A non-linear SVM model with radial basis function (RBF) kernel was used for training and testing. Platt scaling was applied to transform the binary classifier into a scoring function [30]. The SVM score p, ranging from 0 to 1, is a probability indicating the likelihood of a protein-DNA complex to be a near-native or native structure. For the purpose of an easy comparison with other scoring methods, including the orientation and DDNA3 protein-DNA interaction potentials, we calculated 1 – p values as the SVM score. Therefore, the lower the 1- p, the greater the confidence in the predicted TF-DNA complex models. A linear kernel was also applied to train the SVM models to see if there are any performance differences between linear and non-linear SVM models. R package e1071, which has embedded functionalities with both linear and RBF kernels, and Platt scaling, was used for training the SVM models.

Balanced class selection

For most of the cases in the training dataset, the number of near-native models produced from docking simulations is far lower than the number of bad models. Among all the simulation models, only 7.6% are considered positives with a 3 Å RMSD cutoff. The majority of the docked complex models (92.4%) have more than 3 Å RMSD compared to their corresponding native complex structures. To reduce training bias, we applied a technique called hard-negative mining, which applies an iterative training process by selecting an initial training dataset with all the positive cases and a random sample of the same size from the negative cases. It then trains a model based on the initial training dataset and adds to it the cases that resulted in false positives after previous training, until the training dataset remains unchanged [26].

Performance evaluatuion

We used two methods for performance evaluation in training and testing. The first one is Matthews Correlation Coefficient (MCC), a widely-used method for assessing binary classifiers. Unlike other measures such as precision that is biased towards increasing the number of true positive cases only, MCC evaluates the performance by considering all four cases, true positive (TP), true negative (TN), false positive (FP), and false negative (FN), as shown in Eq. 1. MCC also has the advantage when the number of positive and negative cases are unbalanced, making it particularly useful for this study.
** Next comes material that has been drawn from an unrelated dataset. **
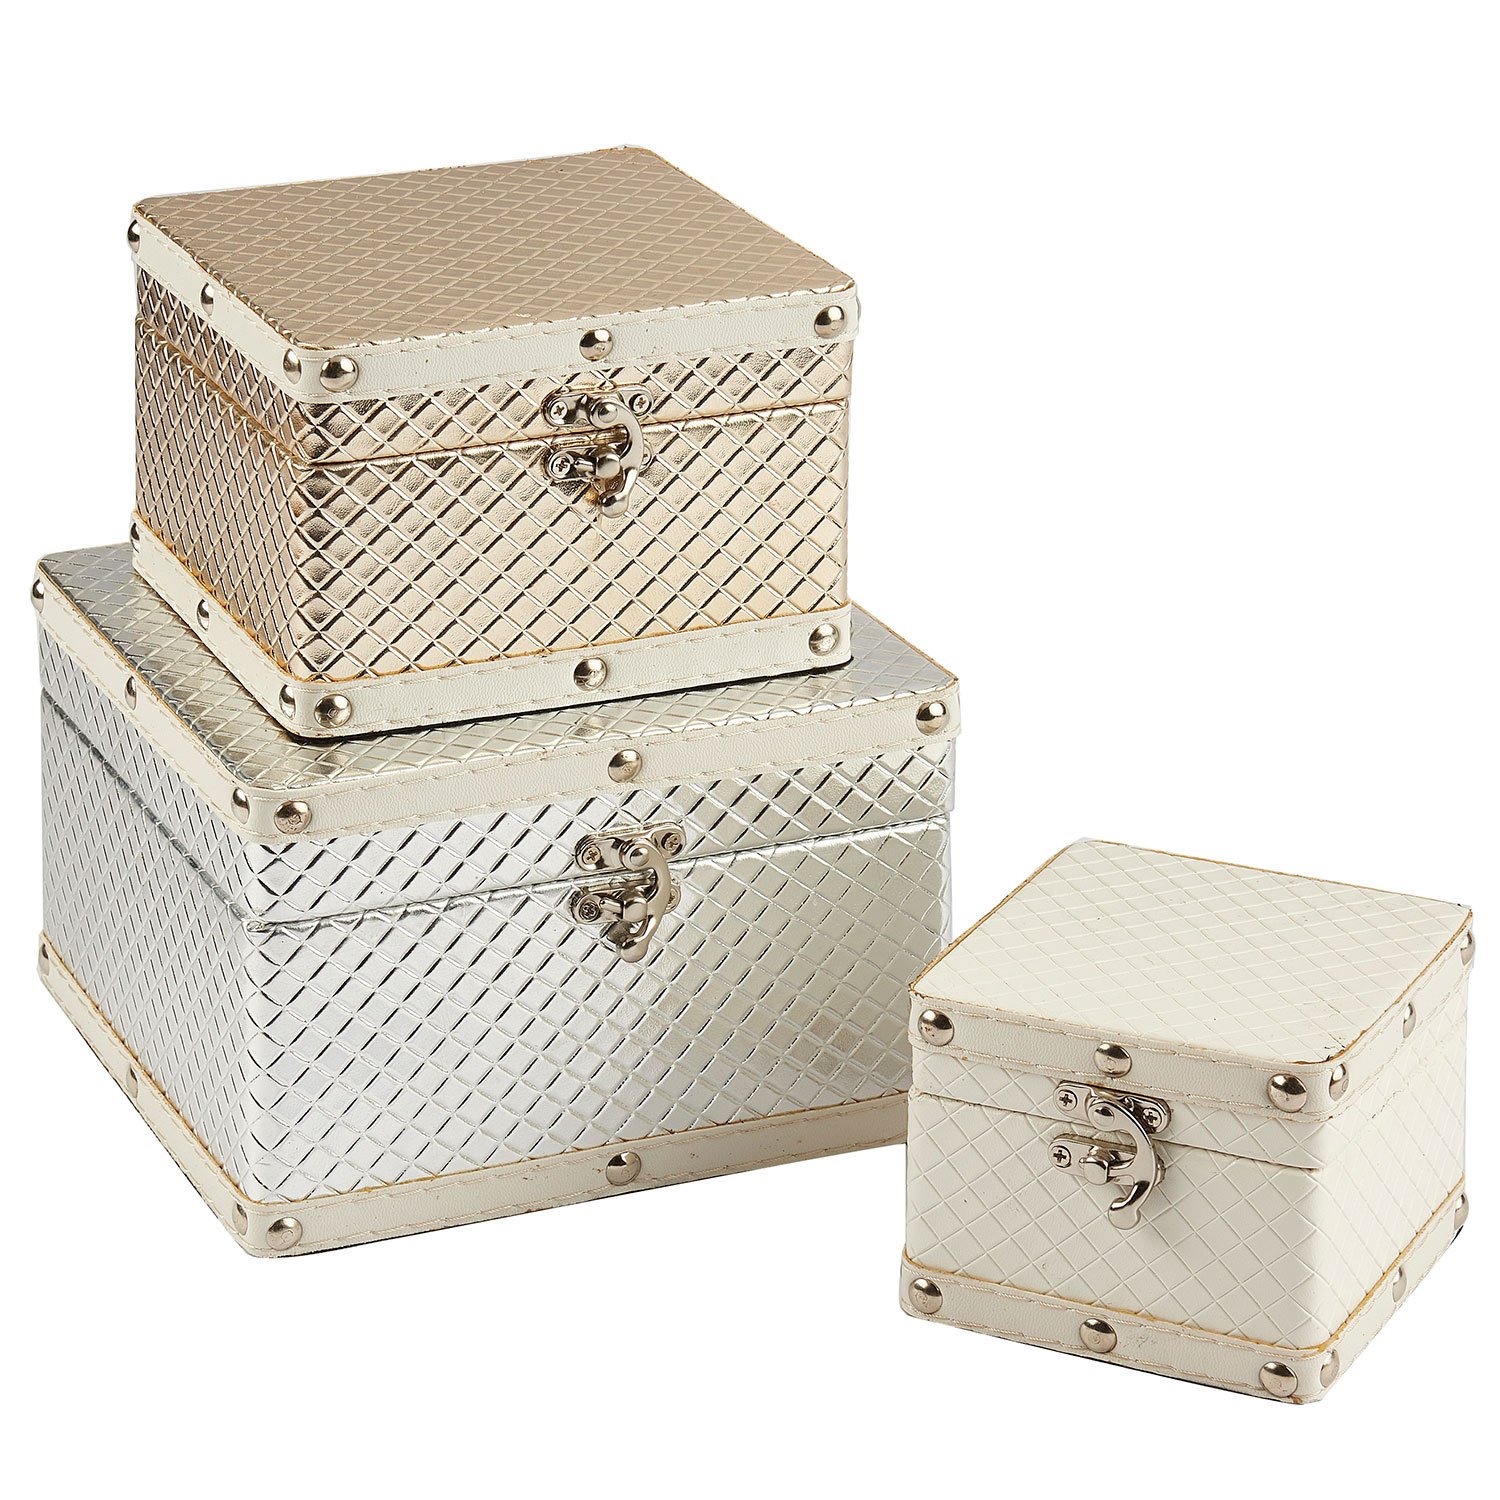 Decorative Wood Boxes Wholesale
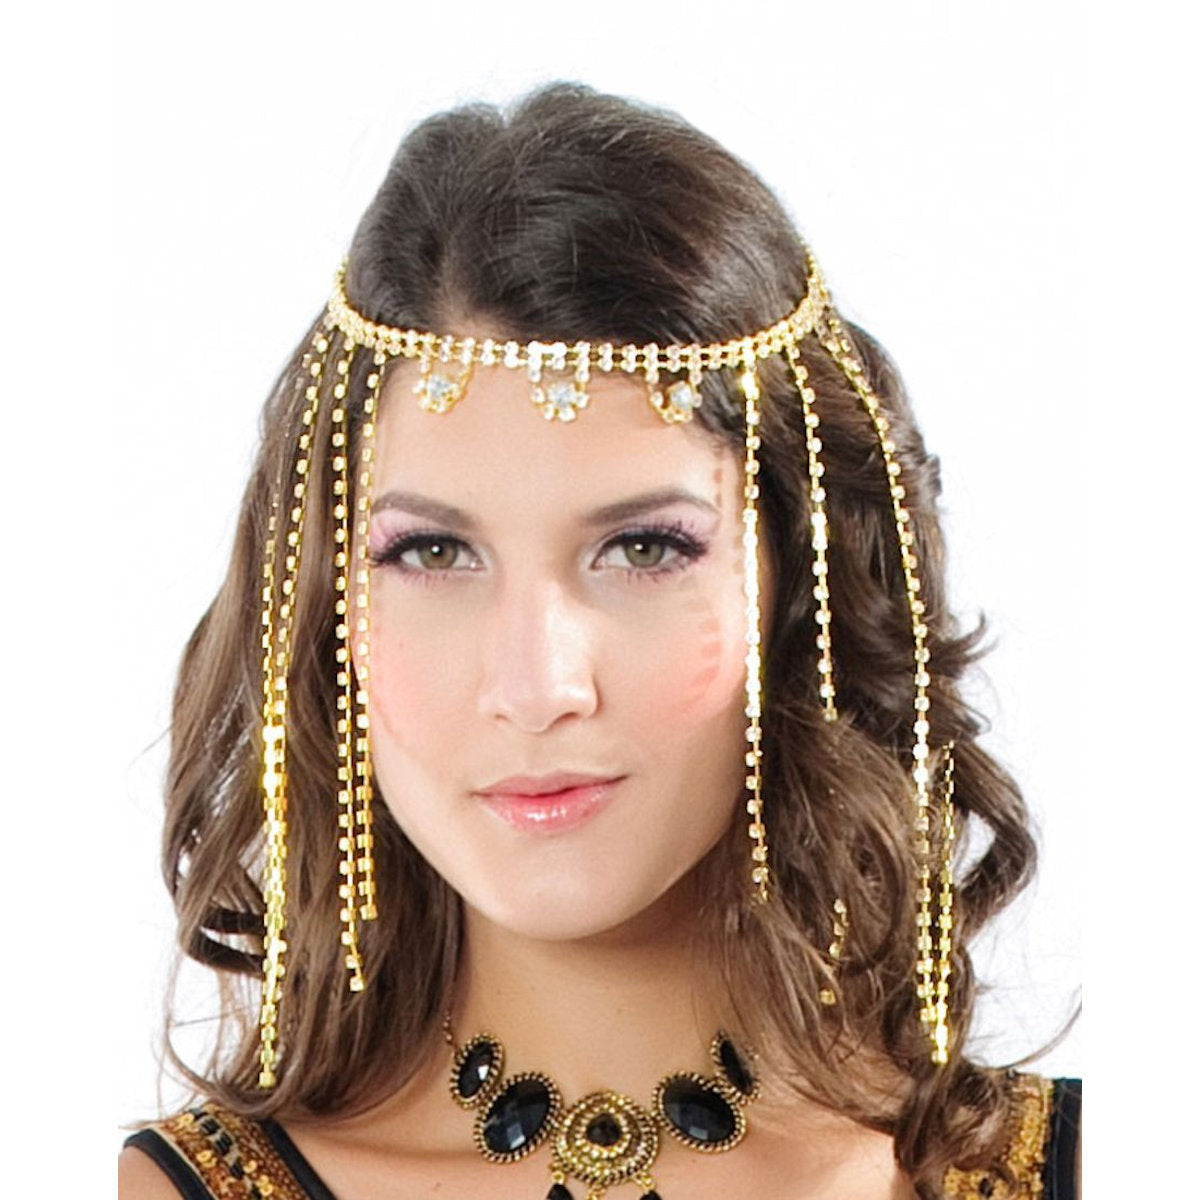 Golden Cleopatra Goddess Deluxe Sequin Women's Costume with Headpiece

$$ MCC=\frac{TP\times TN- FP\times FN}{\sqrt{\left( TP+ FP\right)\left( TP+ FN\right)\left( TN+ FP\right)\left( TN+ FN\right)}} $$
(1)

In addition to MCC, prediction accuracy (Eq. 2) was used for evaluating the model performance on the testing set. A probability cut-off of 0.5 for the SVM score p was applied for assigning a good (1-p < 0.5) or a bad (1-p ≥ 0.5) prediction. If the best score out of 200 predictions is < 0.5 with RMSD ≤3 Å, then the case is a TP; if the best score is < 0.5, but the RMSD of the model is more than 3 Å, then the case is defined as FP; If the best score is ≥0.5, and the minimum RMSD of the 200 predictions is greater than 3 Å i.e., the docking algorithm fails to produce any good models, the case is classified as TN. However, if the best score is ≥0.5, but there is at least one near native model (RMSD ≤3 Å), then it is considered as a FN.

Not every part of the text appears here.